Thursday, 15 January 2015

Why below target inflation is a big problem

Much of the coverage of deflation seems to miss the key point. Deflation is a sign that resources are being wasted. The lower inflation is, other things being equal, the more resources are being wasted. Wasted resources are probably a bit economics speak. What it means is that society as a whole - you and I - are worse off for no reason. There are also good grounds for thinking the sums involved could be very large, dwarfing the numbers the media normally frets about. [1]

Once you look at it this way, lots of rather silly debates become clear. First and most obviously, there is nothing magic about the number zero. Other things being equal, zero inflation suggests more resources are being wasted than if inflation is 1%, but resources are still being wasted when inflation is 1% and the target is 2%.  

Economists have worried about some of the knock on effects that deflation might have. In particular, because deflation means that the real value of debts fixed in nominal terms is rising, that may induce debtors to cut back spending, with no matching increase in spending by creditors. This will make the waste of resources worse. However this effect is not a non-linear one that kicks in when inflation is zero. If this effect is important, debtors will still be more inhibited by their debt if inflation is 1% compared to 2%. And, of course, even if this effect is unimportant resources are still being wasted if inflation is below target.

This is also why looking at some measure of core inflation is important. If below target inflation is just due to lower oil prices, say, which in turn are just lower because of increased supply, say, [2] then this is no reason to think resources are being wasted. Just as inflation targeting central banks should largely see through any inflation caused by higher oil prices, they should also do the opposite. However in the UK, US and Eurozone core inflation is significantly below target, suggesting resources are being wasted everywhere.

The really interesting thing about the current situation is that in all three places nominal wages seem to be going nowhere fast. This could be partly because plenty of domestic spare capacity exists, but partly also because workers are aware of the potential employers have to use overseas labour as an alternative.

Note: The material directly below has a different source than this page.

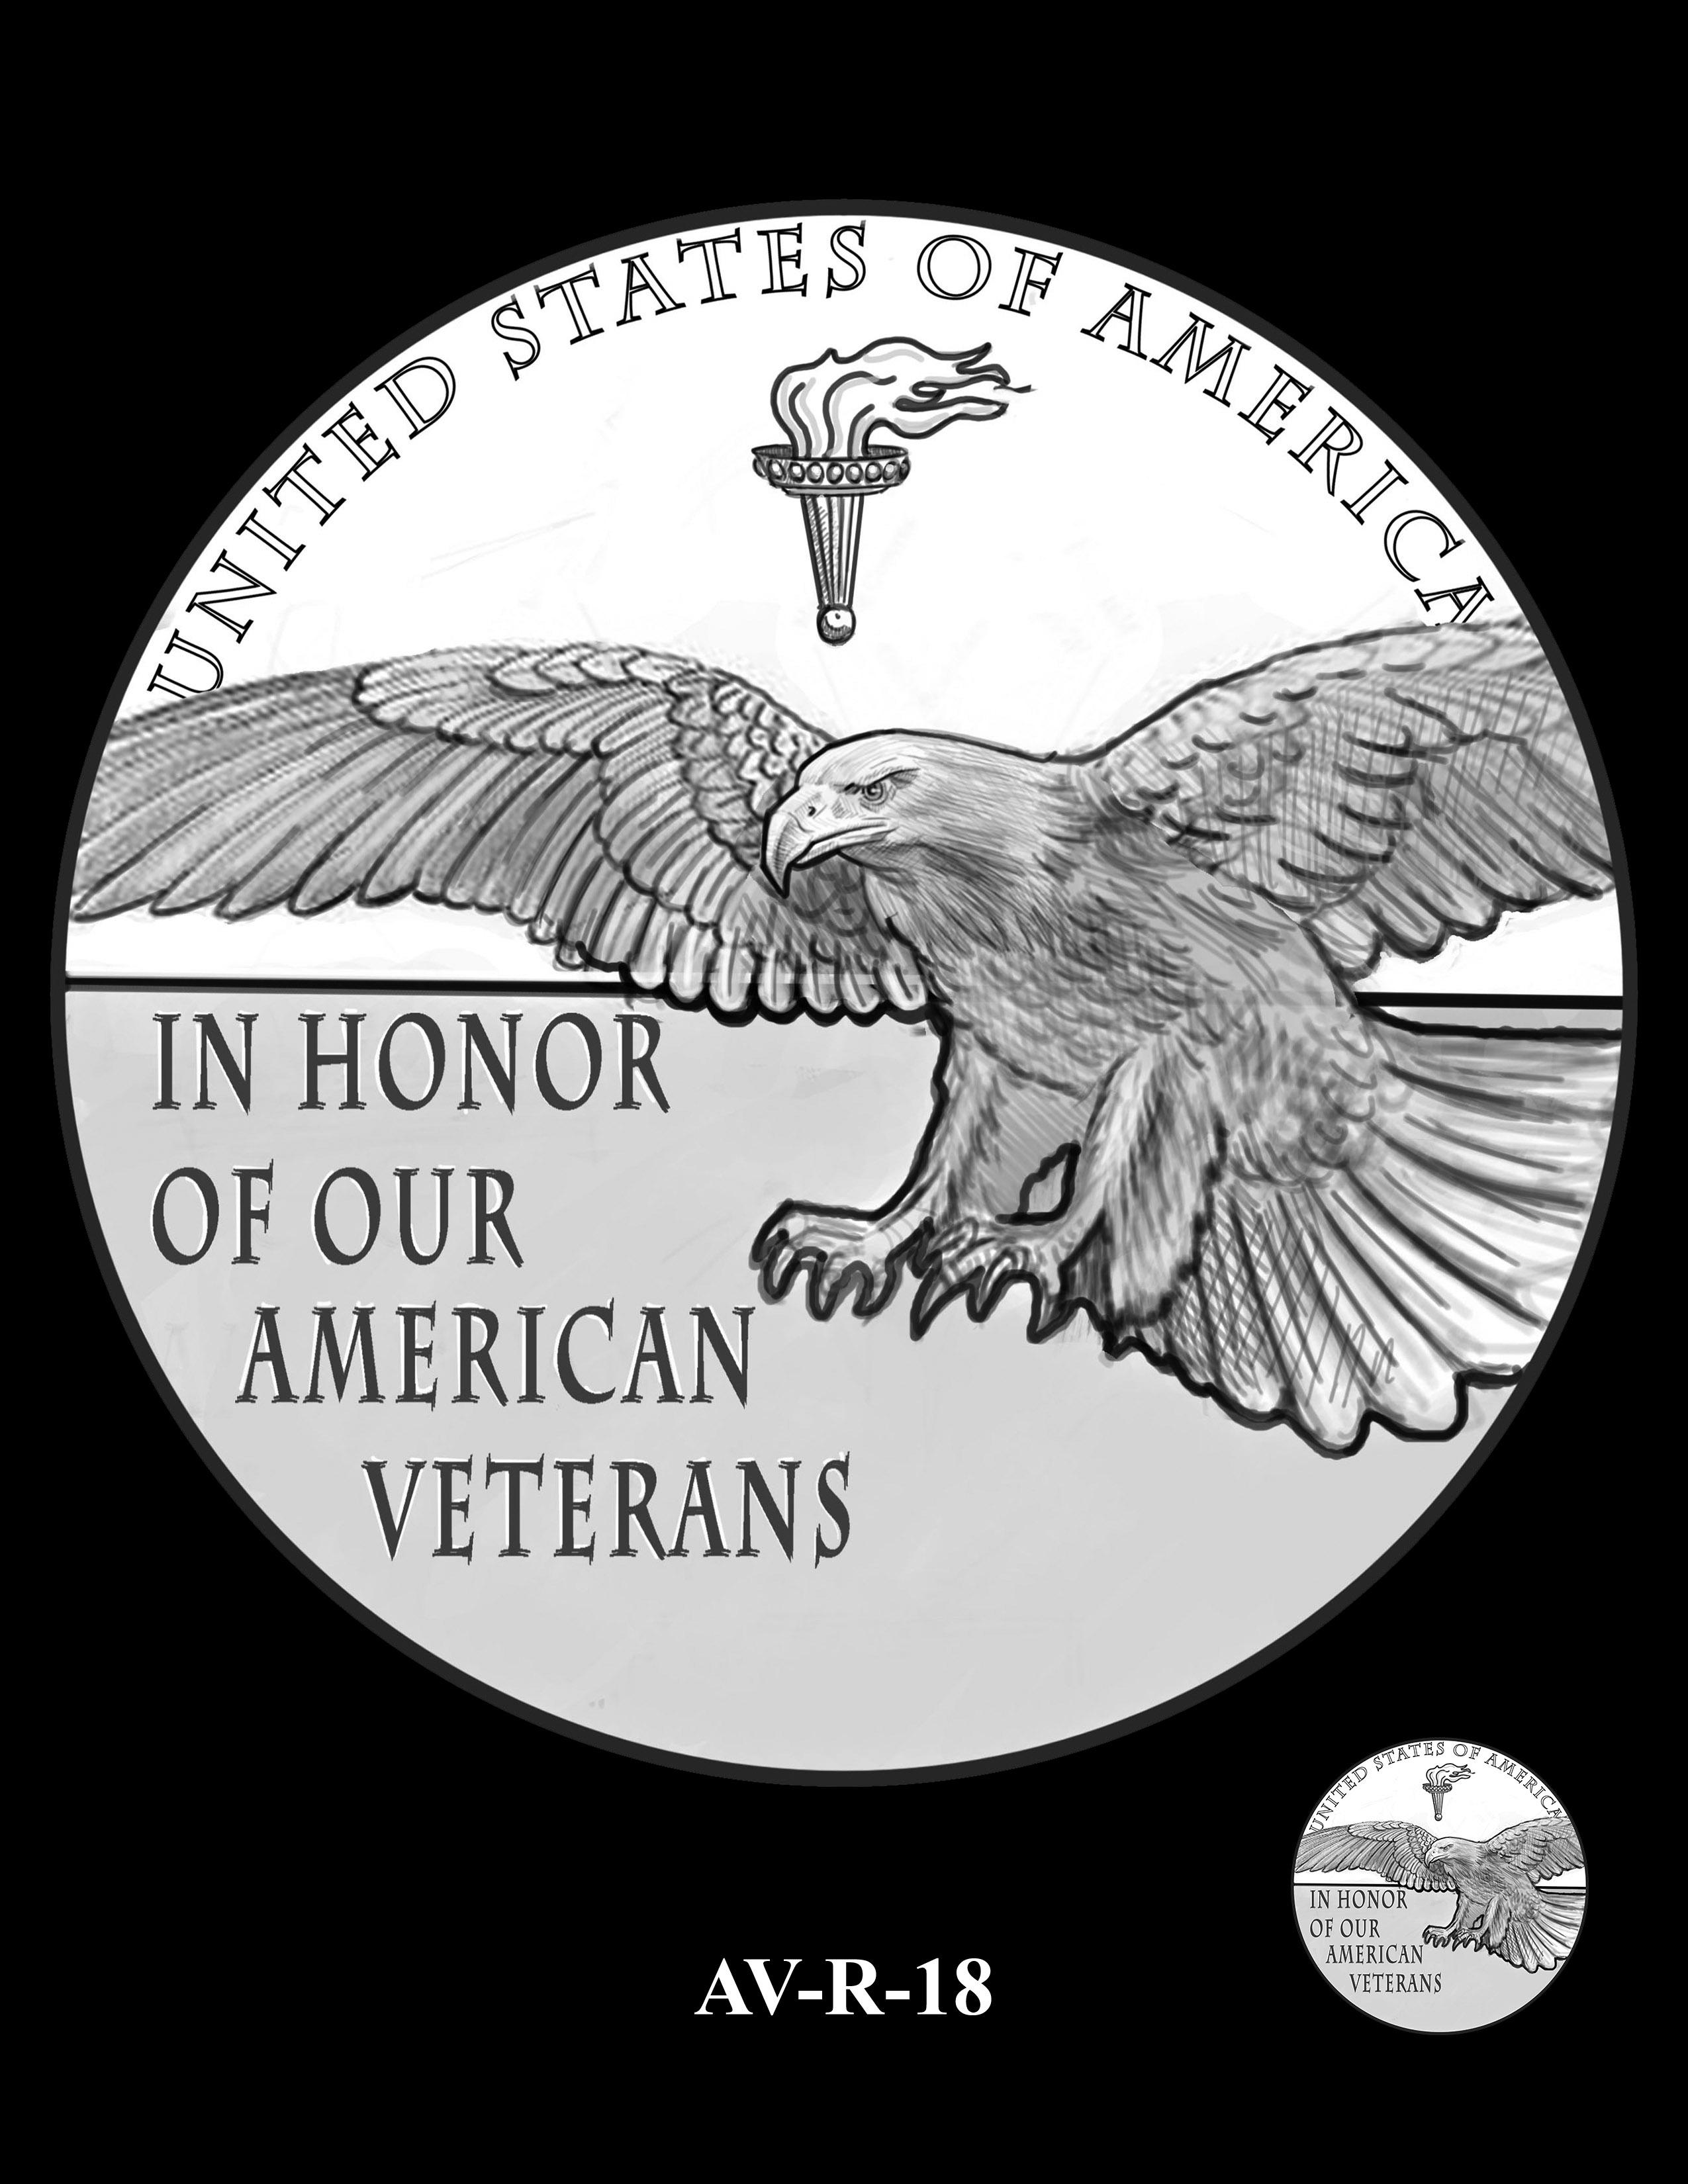 AV-R-18 - American Veterans Medal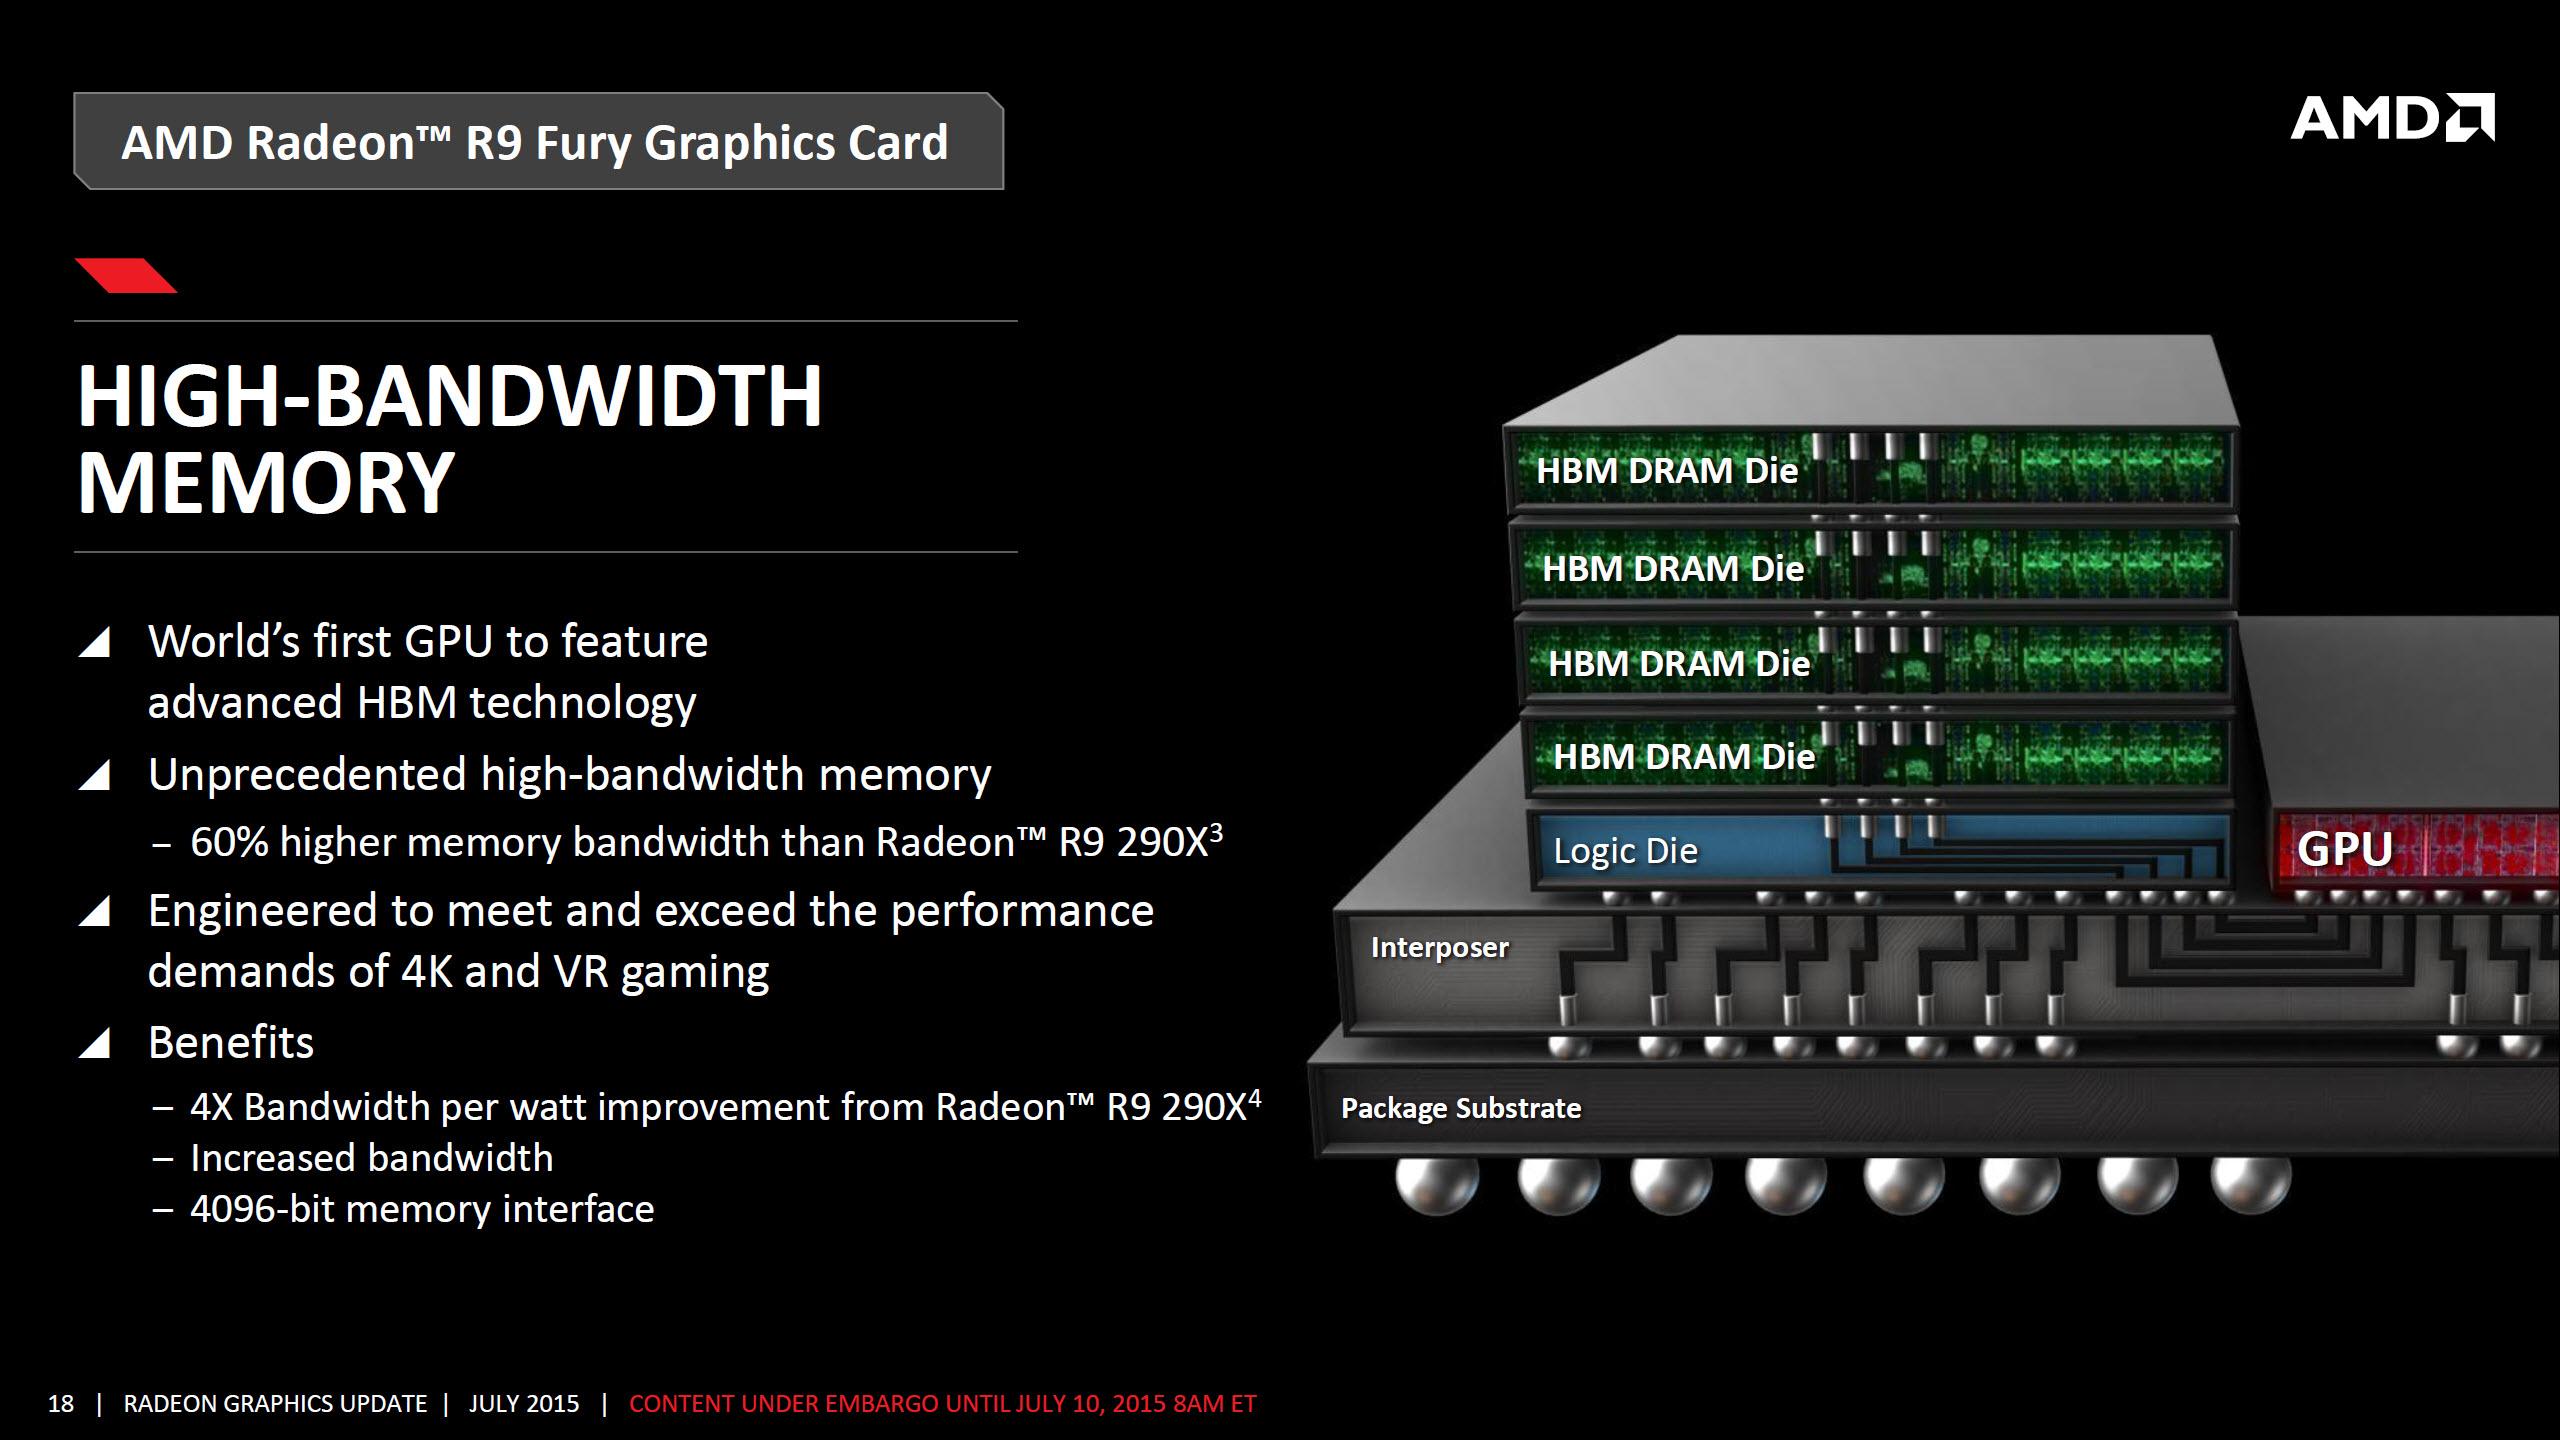 AMD Radeon R9 Fury_Fiji Pro_HBM

In either case, the really good news that this implies is that we can allow the economy to grow at an above average rate for some time. (It also suggests that current fiscal projections may be too pessimistic.)

This is only good news if we take the opportunity it presents. We should use the monetary and fiscal tools we have at our disposal (and invent some new ones if need be) to do so. There is no magic to raising demand - we have various tried and tested means of doing so. The basic barrier to raising demand has been and always will be inflation, so when that barrier is nowhere in sight (in fact appears to be moving further away) it is a criminal waste not to expand demand.

But what of those who advocate caution. We should raise interest rates now, so as to avoid rapid increases later? I am sure some people who argue this way are genuine, but just wrong because they have not realised the implications of the position we are now in, and in particular the balance of risks involved. But I cannot also help noticing that some on the right have been arguing for higher interest rates for some time, and refuse to admit they were wrong. They are confirming Kalecki’s idea that although what he called full employment was good for society, it may not be good for some particular parts of society. Those pursuing this line should not be dismissed: they should be laughed into obscurity.   

[1] This would be clearer if all central banks had a dual mandate.

[2] Which in the current situation is probably not true, so this is just to make the point.